Gas turbine combustor and gas turbine

The present invention relates to a gas turbine combustor and a gas turbine.

In gas turbines, strict environmental standards are established for nitrogen oxides (hereinafter referred to as “NOx”) contained in turbine exhaust gas.

The applicant has a plurality of premixed combustion type main burners arranged on the upstream side (first combustion region) of the combustion chamber and the combustion chamber in the combustion chamber on the downstream side (second combustion region) of the combustion chamber. A gas turbine combustor having a diffusion combustion type reheating burner arranged so as to face a dilution air hole through which air is introduced has been proposed (for example, see Patent Document 1).

JP-A-8-210642

The gas turbine combustor described in Patent Document 1 employs a diffusion combustion type reheating burner and has an advantage of low risk of flashback. However, when the fuel flow rate of the additional burner is increased, the fuel concentration in the combustion region of the additional burner increases and the combustion temperature rises, resulting in a problem that the NOx emission amount increases.

Accordingly, an object of the present invention is to reduce the NOx emission amount from the diffusion burner reheating burner in the gas turbine combustor and the gas turbine having the above-described configuration.

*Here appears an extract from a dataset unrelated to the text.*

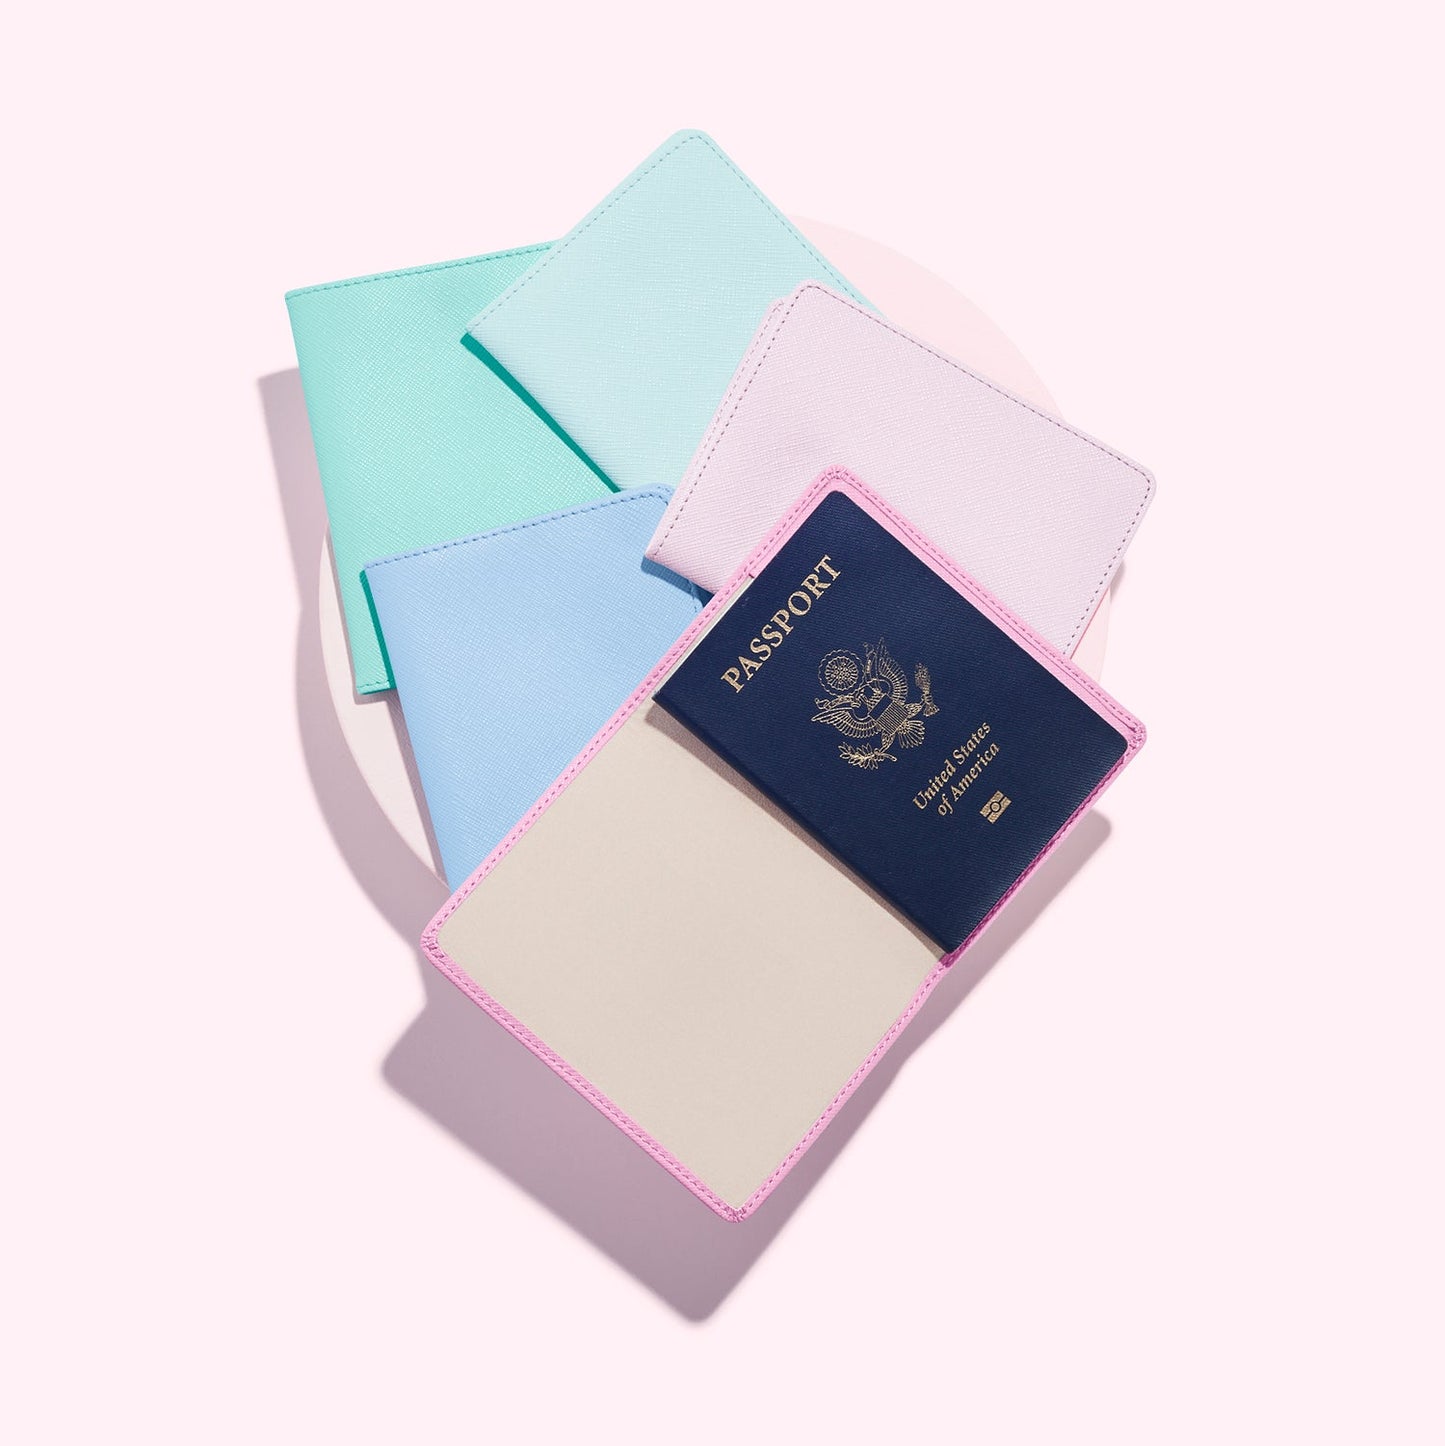 Personalized Passport Cover – Charleston Gardens

A combustor for a gas turbine according to the present invention is a combustor for a gas turbine in which fuel is mixed with combusted air introduced from a compressor and burned, and the generated combustion exhaust gas is supplied to the gas turbine. A premixed combustion type main burner disposed on the upstream side of the combustion tube, and disposed on the downstream side of the main burner through the peripheral wall of the combustion tube and from the peripheral wall to the combustion chamber And a plurality of diffusion combustion type burner burners that inject fuel into the combustion cylinder, and the plurality of burner burners are arranged in alignment in the circumferential direction and the axial direction of the combustion cylinder.

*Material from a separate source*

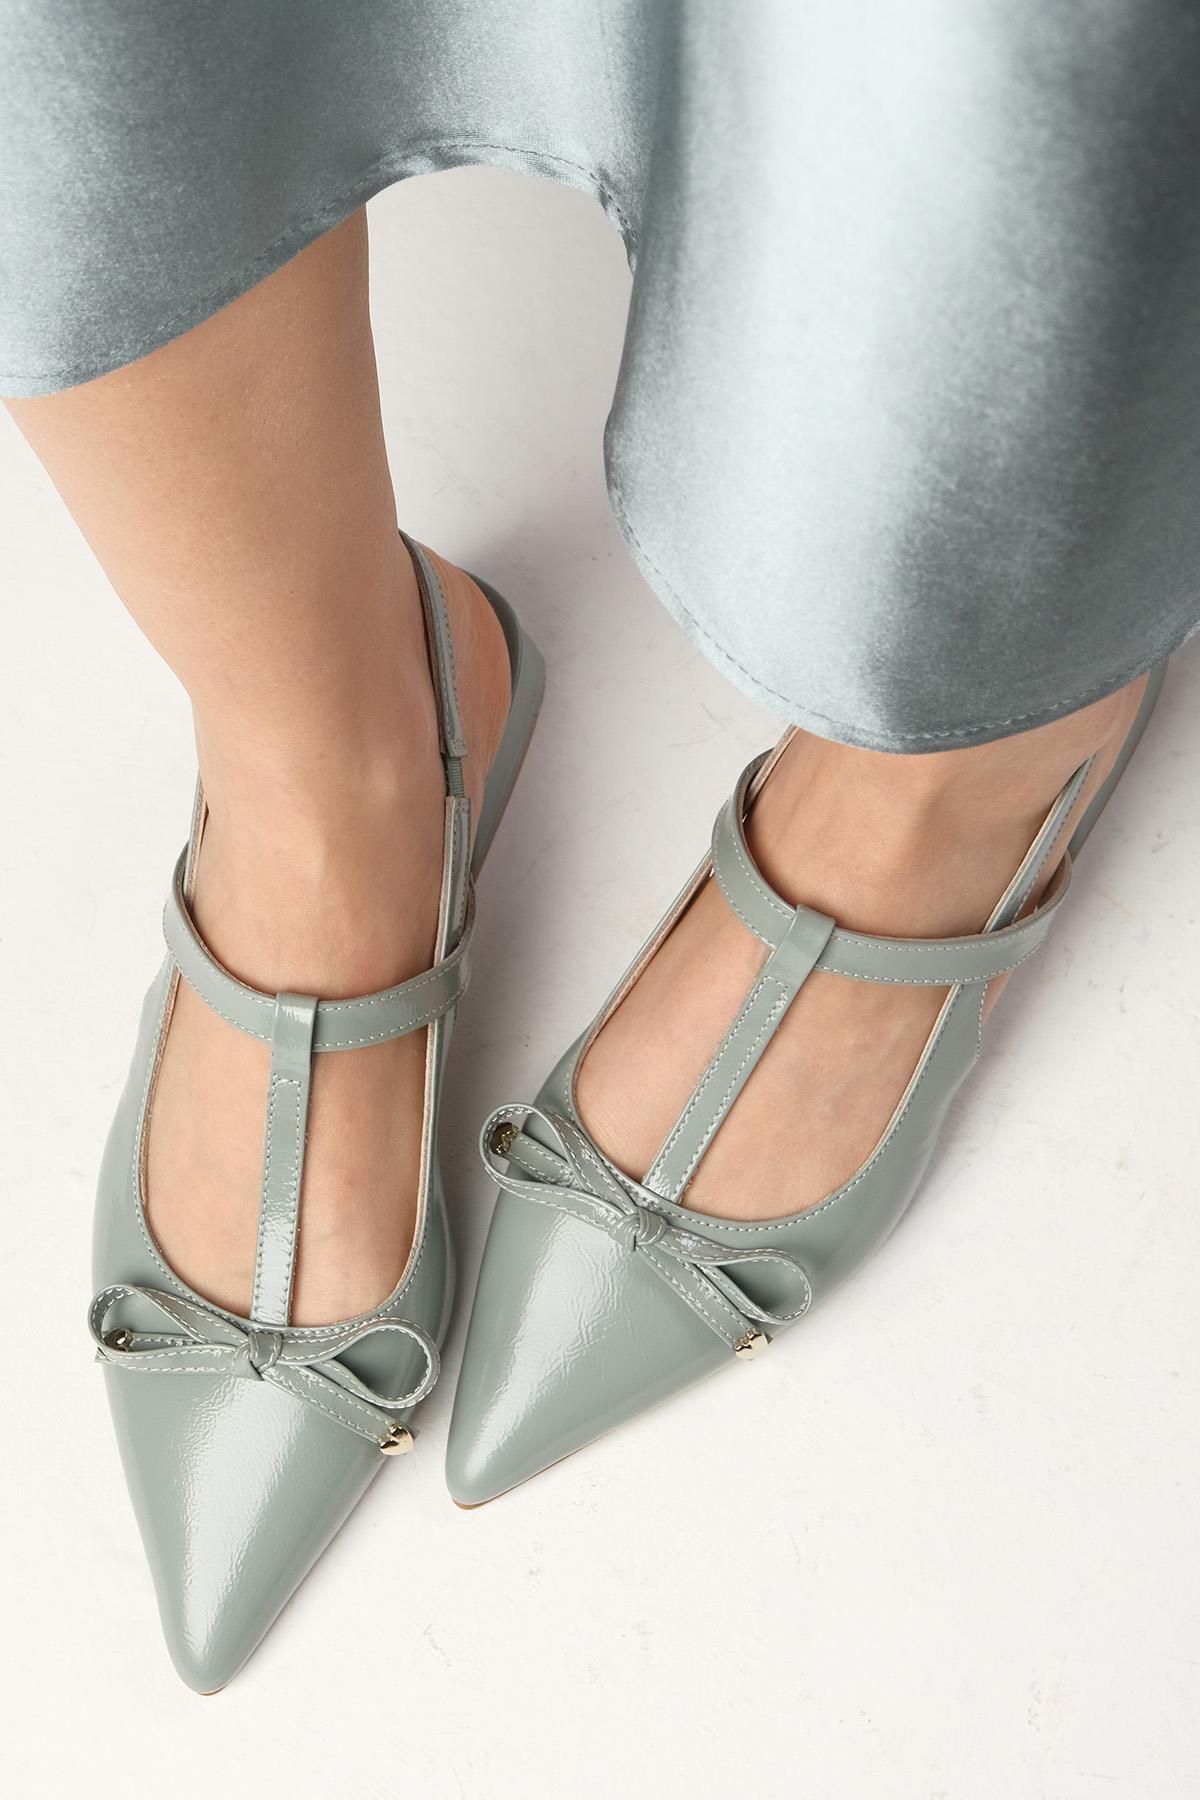 Mio Gusto Tulip Hakiki Rugan Nil Yeşili Renk Arkası Açık Kadın Kısa Topuklu Ayakkabı
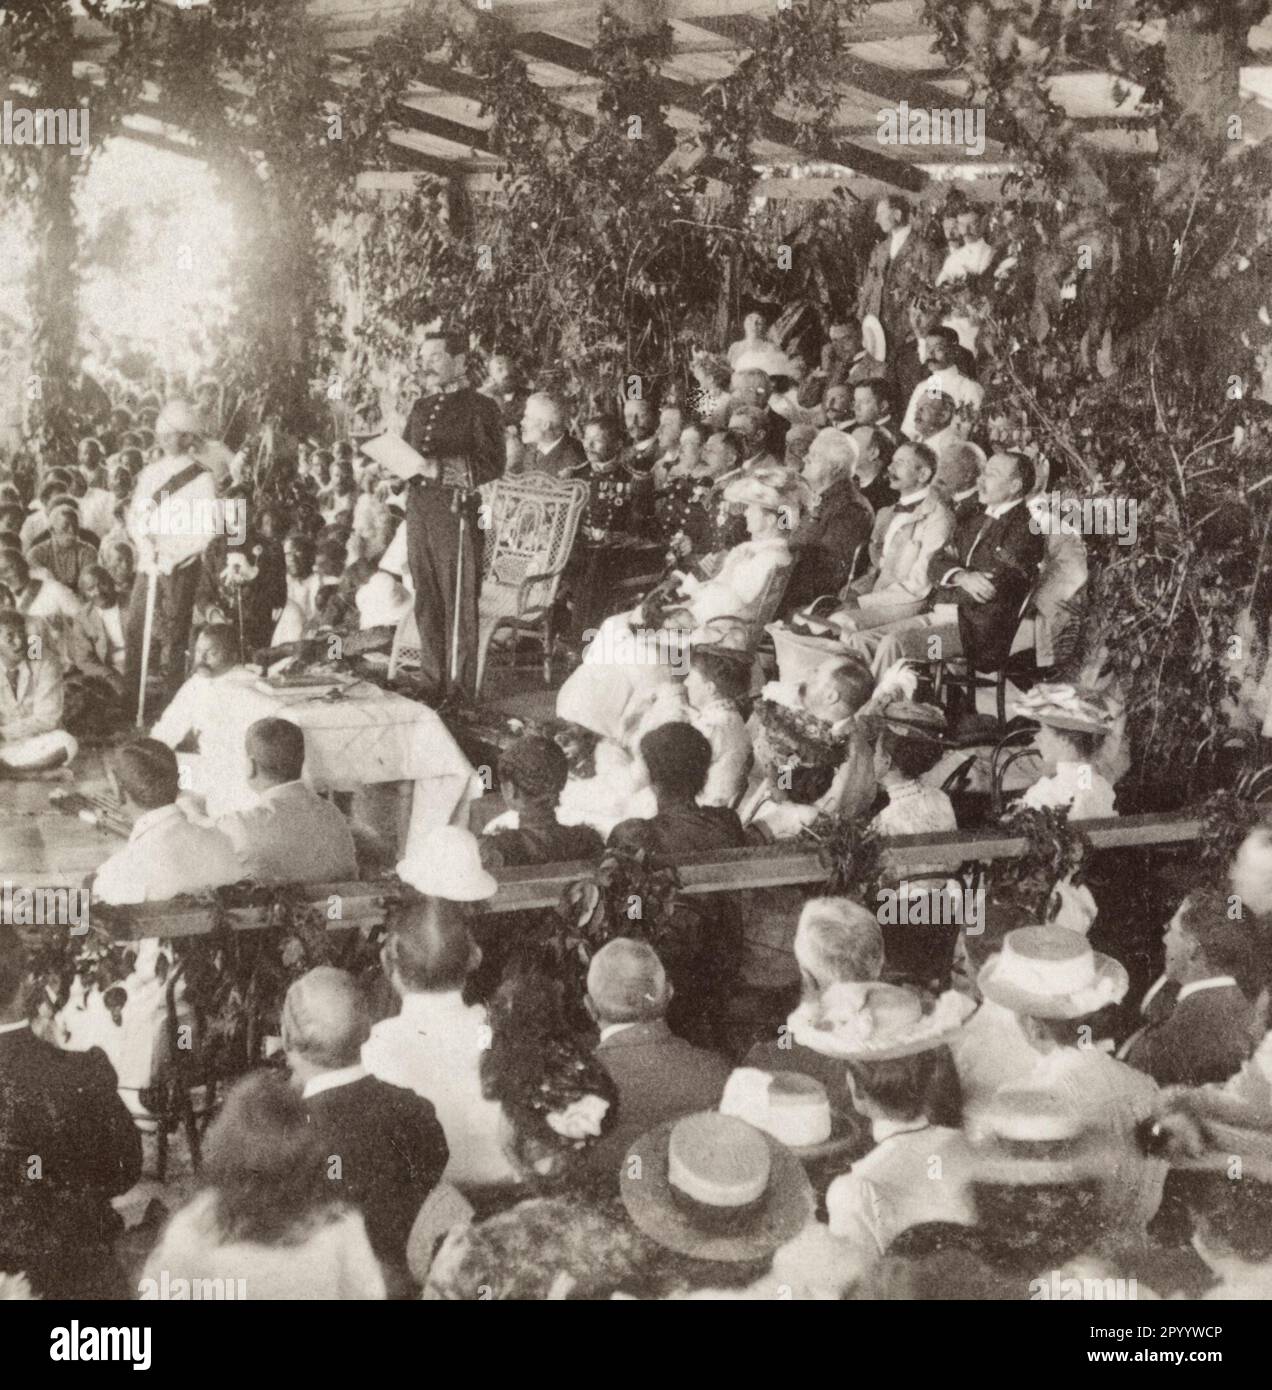 Cerimonie di incoronazione a Suva - consegna del messaggio del re Edoardo, Isole Fiji - ufficiale militare che legge il messaggio del re Edoardo ad un grande gruppo di occidentali e figiani, in occasione della sua incoronazione, intorno al 1902 Foto Stock

According to this configuration, since the main burner is a premixed combustion method, the amount of NOx in the high-temperature combustion gas generated in the primary combustion region upstream of the combustion chamber is suppressed. In addition, the plurality of additional burners are arranged in alignment in the circumferential direction and the axial direction of the combustion cylinder, and the additional fuel is distributed and supplied from each additional burner to the combustion chamber. The fuel flow rate per additional burner is smaller than when the burners are arranged in the circumferential direction. Therefore, the fuel concentration in the combustion region of each additional burner is reduced, and the combustion temperature of each additional burner is reduced overall, so that the amount of NOx in the combustion gas can be suppressed.

The plurality of tracking burners arranged in adjacent rows may be staggered in the circumferential direction.

According to this configuration, the combustion of the additional burner arranged on the downstream side is less affected by the combustion of the additional burner arranged on the upstream side by arranging the additional burners in the circumferential direction in a staggered manner. Combustion of the side burner can be stabilized.

A fuel header that distributes the fuel to each of the plurality of additional burners may be provided.

こ の According to this configuration, fuel can be evenly distributed to a plurality of additional burners with a simple configuration.

Among the plurality of additional burners, a first fuel header that distributes the first fuel mainly composed of methane to a predetermined number of additional burners, and the remaining predetermined number of additional burners contain hydrogen gas or hydrogen. You may provide the 2nd fuel header which distributes the 2nd fuel which consists of gas.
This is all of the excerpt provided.